By focusing on communities of women who engage in resistance the text has offerred an alternative to the dominant literary paradigms wherein "individualism often represents the strength of male power, while community becomes equated with female weakness" (Collins, 2002:59). This novel attacks the individualism that fuels a chaotic live-for-the- moment mentality by exploring how that individualist ethic harms women, communities, and the environment.

Castillo shows great respect for the community that can be created and nurtured by those of Mexican heritage. Their spiritual hybridity is central to the process of self-discovery, assertion, and union with others in which Castillo's female characters engage. Their practice of Catholicism represents endurance, survival, and sometimes conformity, but it is also a faith shaped by its practitioners into what they need. Some women gain this knowledge directly, as in the case of Caridad, Loca, while others acquire it indirectly, for example, Sofi learns from her daughters, but all are empowered and fortified by it. The text also has displayed that setting the novel in Tome, New Mexico, creates a textual link to a specific history of indigenous women that reminds us of the constructedness of patriarchal economic relations. 114

So Far from God has illustrated the complexity of Chicana lives and the varied perspectives necessary to enact transformation because it depicts a community both defined and moved to action by diverse subjectivities. The novelist adds to an economic analysis the cultural resistance of oppressed nationalities and honors the role of women in this resistance. By doing so, she reveals a strength, not an obstacle, in her culture.

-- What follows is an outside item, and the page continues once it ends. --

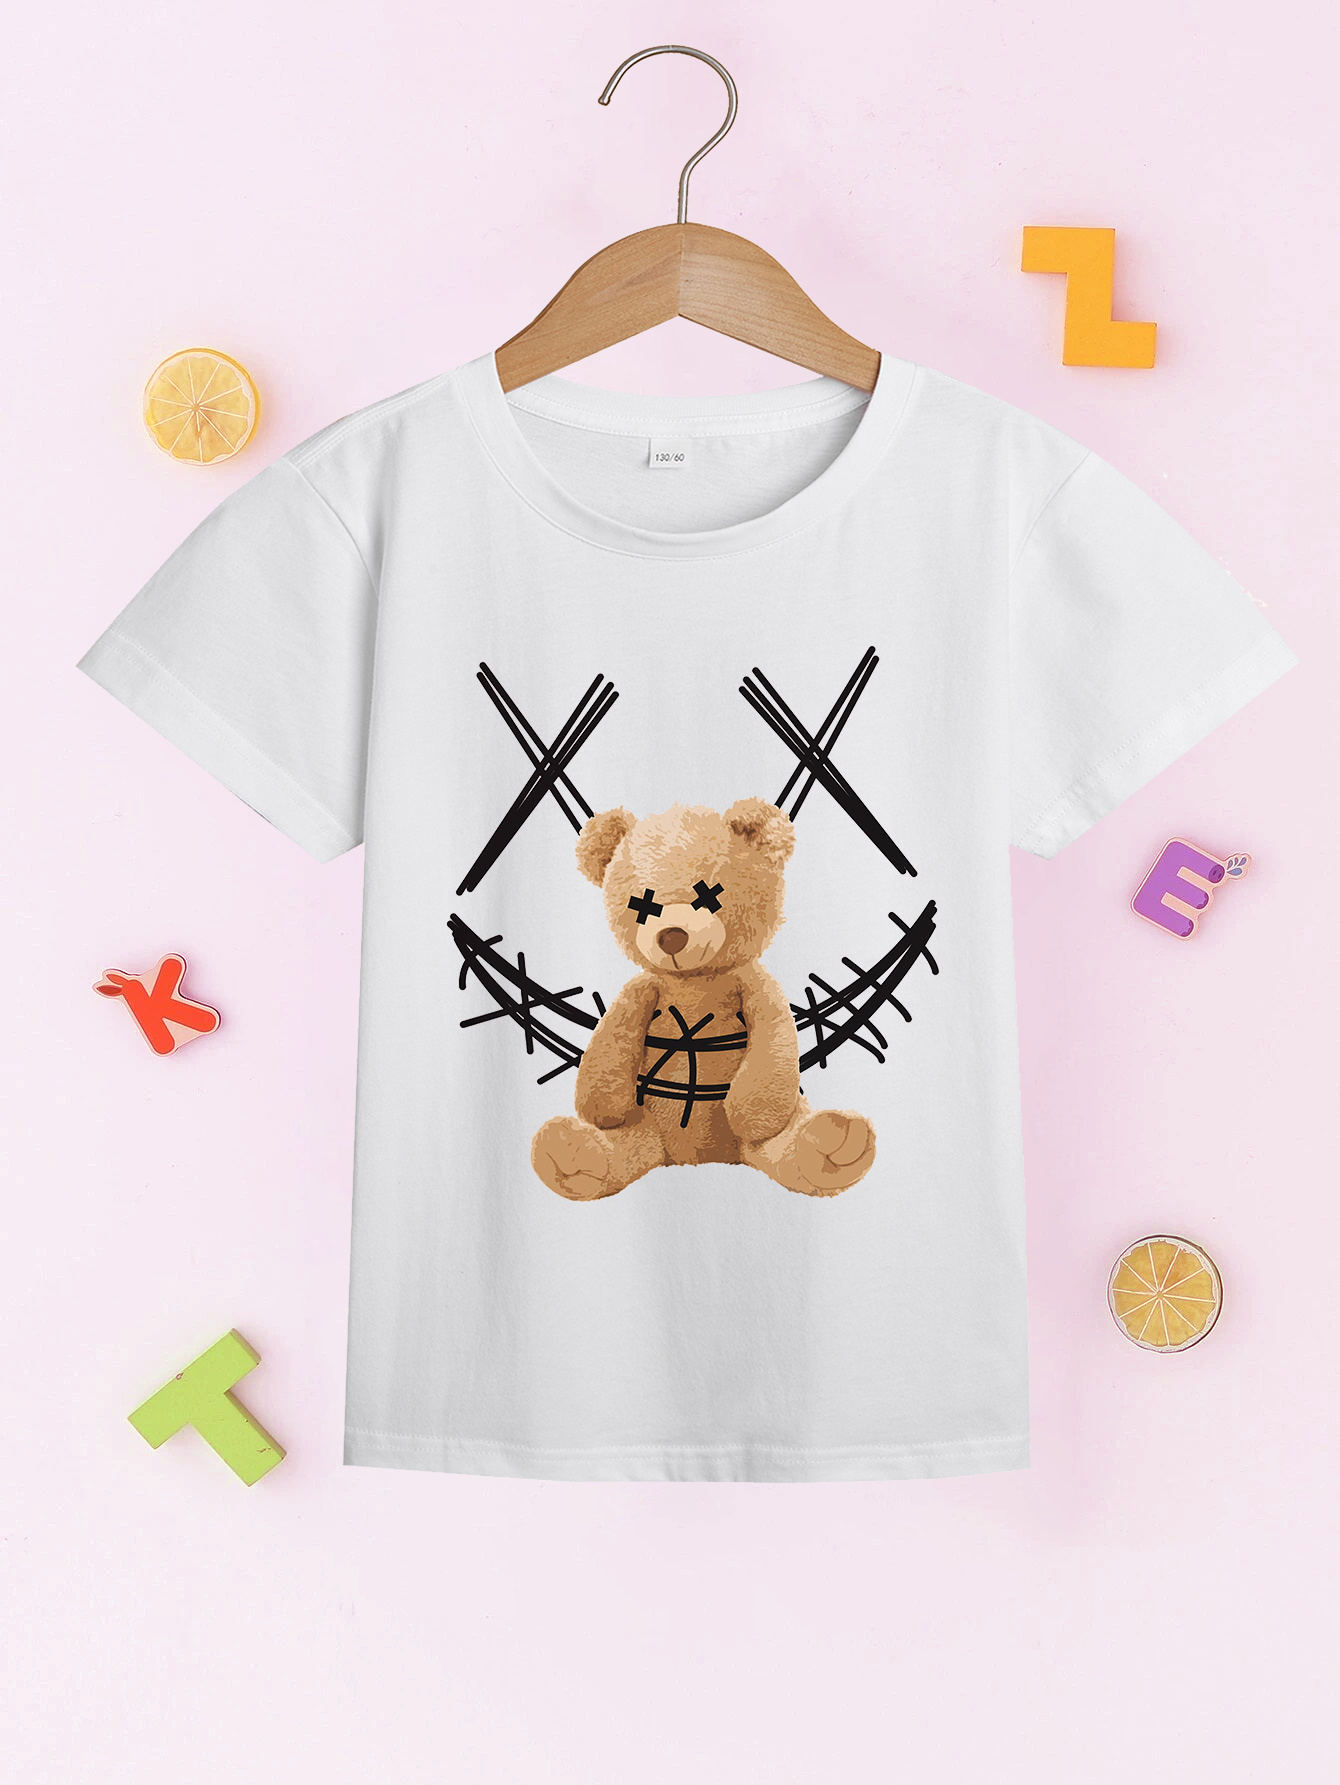 Kids Boys Roblox Print T-shirt Summer Casual Short Sleeve Crew Neck Tee  Tops

Not only does Castillo challenge women to break these barriers, she also challenges society to reevaluate generations-old stereotypes. By yhe help of the novel Castillo has highlighted issues she sees common to the experience of brown women, namely the acceptance of history and culture, searching for an identity in a world that denies one to her, the dichotomy of motherhood and individuality, all the while in a constant struggle against the male-dominated patriarchal society that tries to dominate her. The duality of embracing heritage and trying to assimilate into Anglo society is central to the struggle Castillo's characters face. The novel So Far from God has featured characters in various stages of one or more of these struggles.